Figure 7. Imaging cytometry of Notch ligand arrays.

(A) Contour maps showing imaging cytometry of shRNA-infected BMEL cells responding to Notch ligands on collagen III. Dotted lines show cutoffs determining cell positivity for both ALB (x-axis) and OPN (y-axis). (B) Immunofluorescence micrographs showing varying response to Notch ligand by shRNA-infected BMEL cells. Scale bar is 150 μm.

Figure 8. Schematic summary of approach and findings.

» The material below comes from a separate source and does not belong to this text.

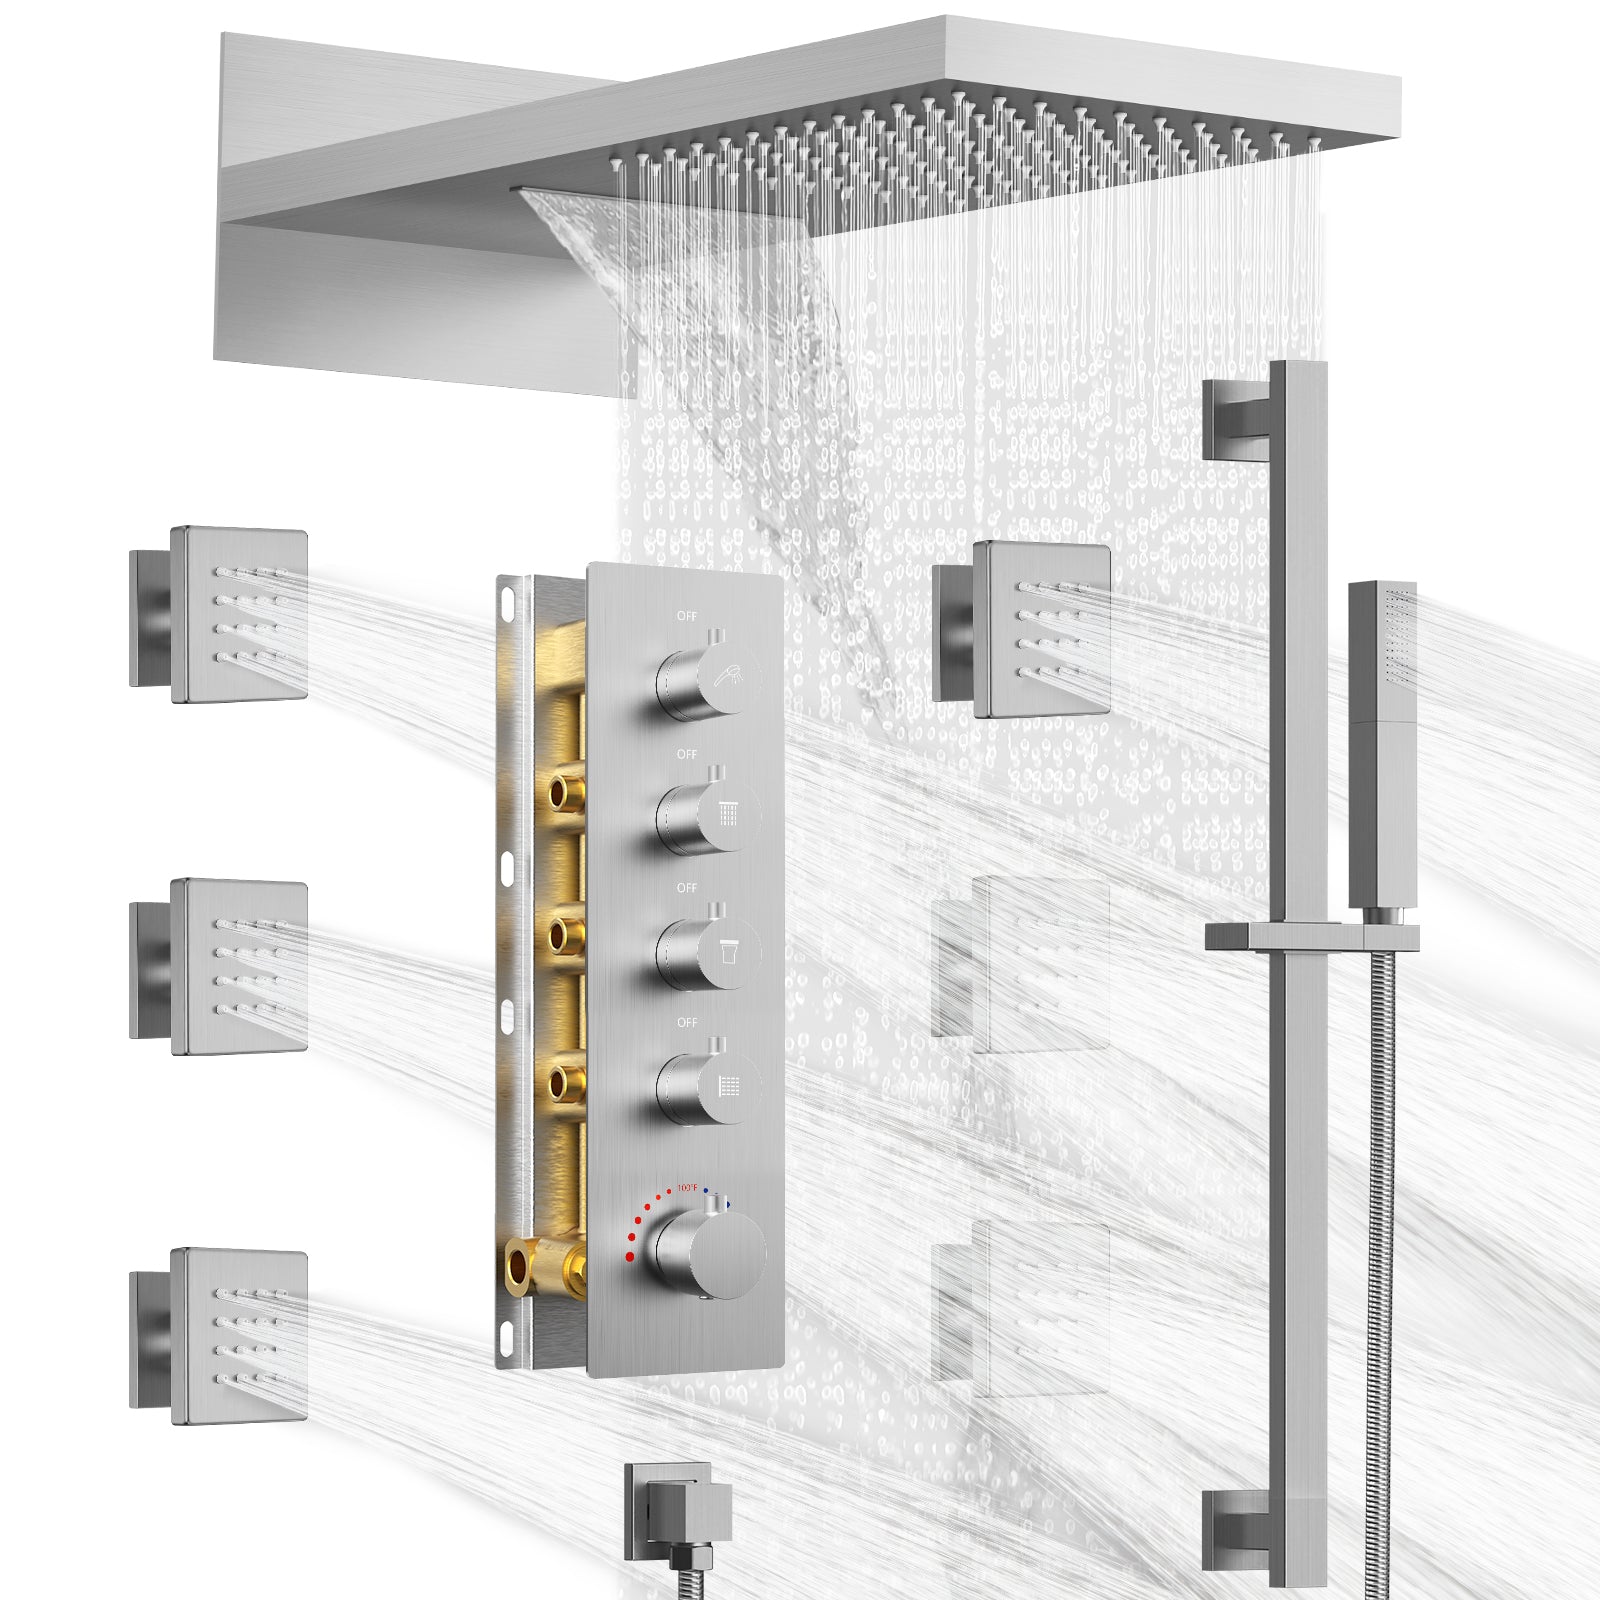 EVERSTEIN Luxury 22" High Pressure Rainfall & Waterfall Shower System with 6x2" Body Jets and Adjustable Handheld Wand - Wall Mounted, Built-in Valve, Brushed Nickel, SFS-1030-NK22

Cellular microarrays enable controlled studies of the combined effects of microenvironmental signals, including TGFβ, Notch, and ECM. Analysis of BMEL cell differentiation within cellular microarrays and complementary co-culture formats is further suggestive of the following roles for distinct Notch ligands: TGFβ1 and cell-extrinsic Notch ligands (JAG1 and DLL1) cooperate to induce cholangiocytic fate; cell-intrinsic DLL1 plays a role in the suppression of hepatocytic fate in response to TGFβ1; and cell-intrinsic DLL1 inhibits the generation of double-positive (ALB+/OPN+) cells during differentiation.